Long COVID-19 Risk may be Linked to the Gut Microbiome


It is relatively common and reports at least one symptom 6 months after recovery from COVID-19 infection. Fatigue, muscle weakness, and insomnia are the most commonly reported symptoms.

An exaggerated immune system response, cell damage, or the physiological consequences of a critical illness may contribute to the development of long COVID-19. But it’s not clear exactly what causes it, or why some people seem to be more susceptible.


A growing body of evidence has implicated the gut microbiome, which hosts the trillions of bacteria, fungi, and other microbes that inhabit the digestive tract in COVID-19 severity.

Given that the gut has a major role in immunity, a disordered immune response to COVID-19 infection, induced by resident microbes, may affect the recovery process too.

Researchers, therefore, wanted to find out if the makeup of the gut microbiome might be linked to long COVID, defined as at least one persistent symptom 4 weeks after clearance from the body.

They tracked changes in the gut microbiome of 106 patients with varying degrees of COVID-19 severity, treated at 3 different hospitals between February and August 2020, and in a comparison group of 68 people who didn’t have COVID-19, over the same period.

They did this by analyzing participants’ stool samples. Among the 106 patients with COVID-19, stool samples were collected on admission (68), and again after 1 month (64) and after 6 months (68). Stool samples were also collected from 11 patients 9 months later.

Researchers checked for the presence of the 30 most commonly reported long COVID symptoms 3 and 6 months after initial COVID-19 infection. Aerobic capacity and endurance, an indicator of long COVID, was also measured in a 6-minute distance walk test.

The average age of the patients with COVID-19 infection was 48; just over half were women. Most (81%) had mild to moderately severe infection; 25 were treated with antibiotics.

Long COVID was reported in 86 (81%) of these patients at 3 months and in 81 (76.5%) at 6 months. The most common symptoms at 6 months were fatigue (31%), poor memory (28%), hair loss (22%), anxiety (21%), and sleep disturbances (21%).

There were no significant differences in potentially influential factors, such as age, gender, the prevalence of underlying conditions, use of antibiotics or antiviral drugs, or COVID-19 severity between patients with and without long COVID, 6 months after initial infection.

Among the 68 patients with COVID-19 whose stool samples were analyzed at 6 months, 50 had long COVID. While initial viral load wasn’t associated with long COVID, their gut microbiome differed from that of patients without long COVID and those who hadn’t had COVID-19 infection.

Among the bacteria species found in patients with long COVID, 28 were reduced and 14 were enriched both at hospital admission and 3 and 6 months after hospital discharge.

On the other hand, the gut microbiome of those who didn’t develop long COVID showed only 25 changes in bacteria species at hospital admission, and this recovered completely after 6 months.

Eighty-one bacterial species were associated with different categories of long COVID and many species were associated with more than two categories of persistent symptoms.

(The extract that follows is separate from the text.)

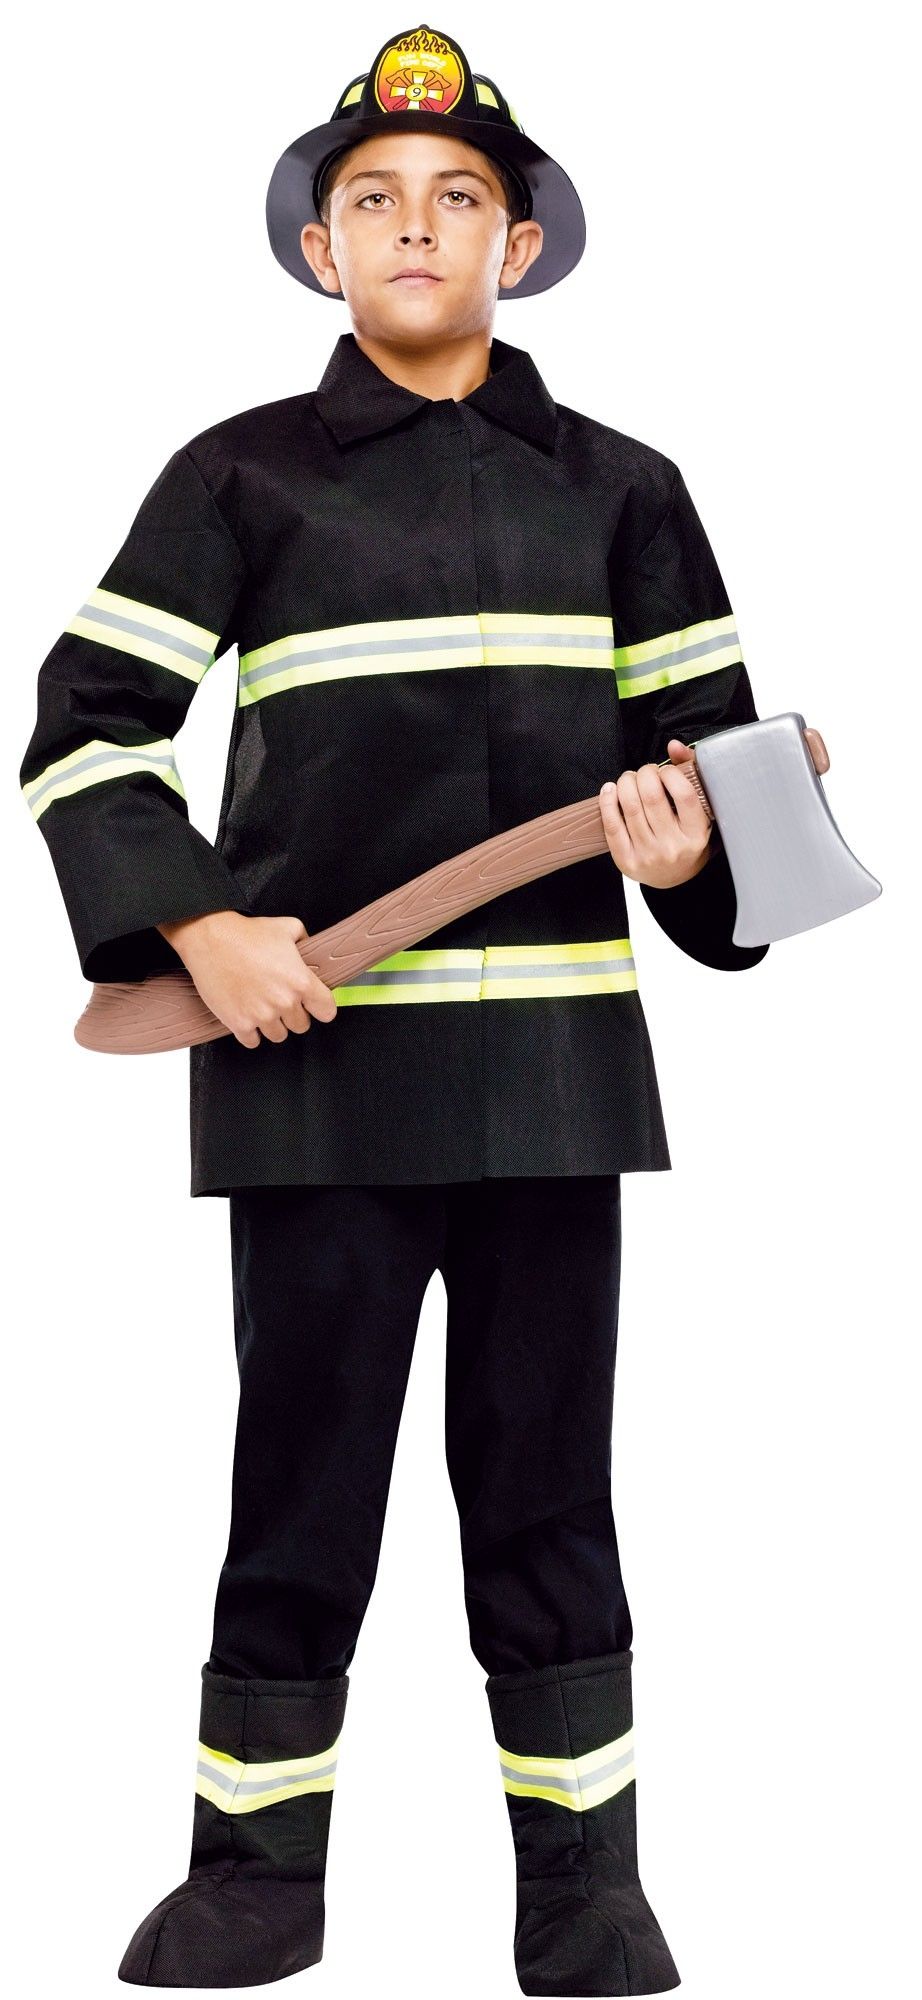 Детский костюм начальника пожарного включает в себя удлиненную черную курто...

Similarly, several ‘unfriendly’ bacteria species were associated with poorer performance on the 6-minute walk test among those with long COVID.

This is an observational study, and as such can’t establish cause. And only a small number of participants were included in the study. But the findings echo those of other research, implicating a disordered gut microbiome in a range of long-term conditions.

Considering the millions of people infected during the ongoing pandemic, the study findings are a strong impetus for consideration of microbiota modulation to facilitate timely recovery and reduce the burden of post-acute COVID-19 syndrome.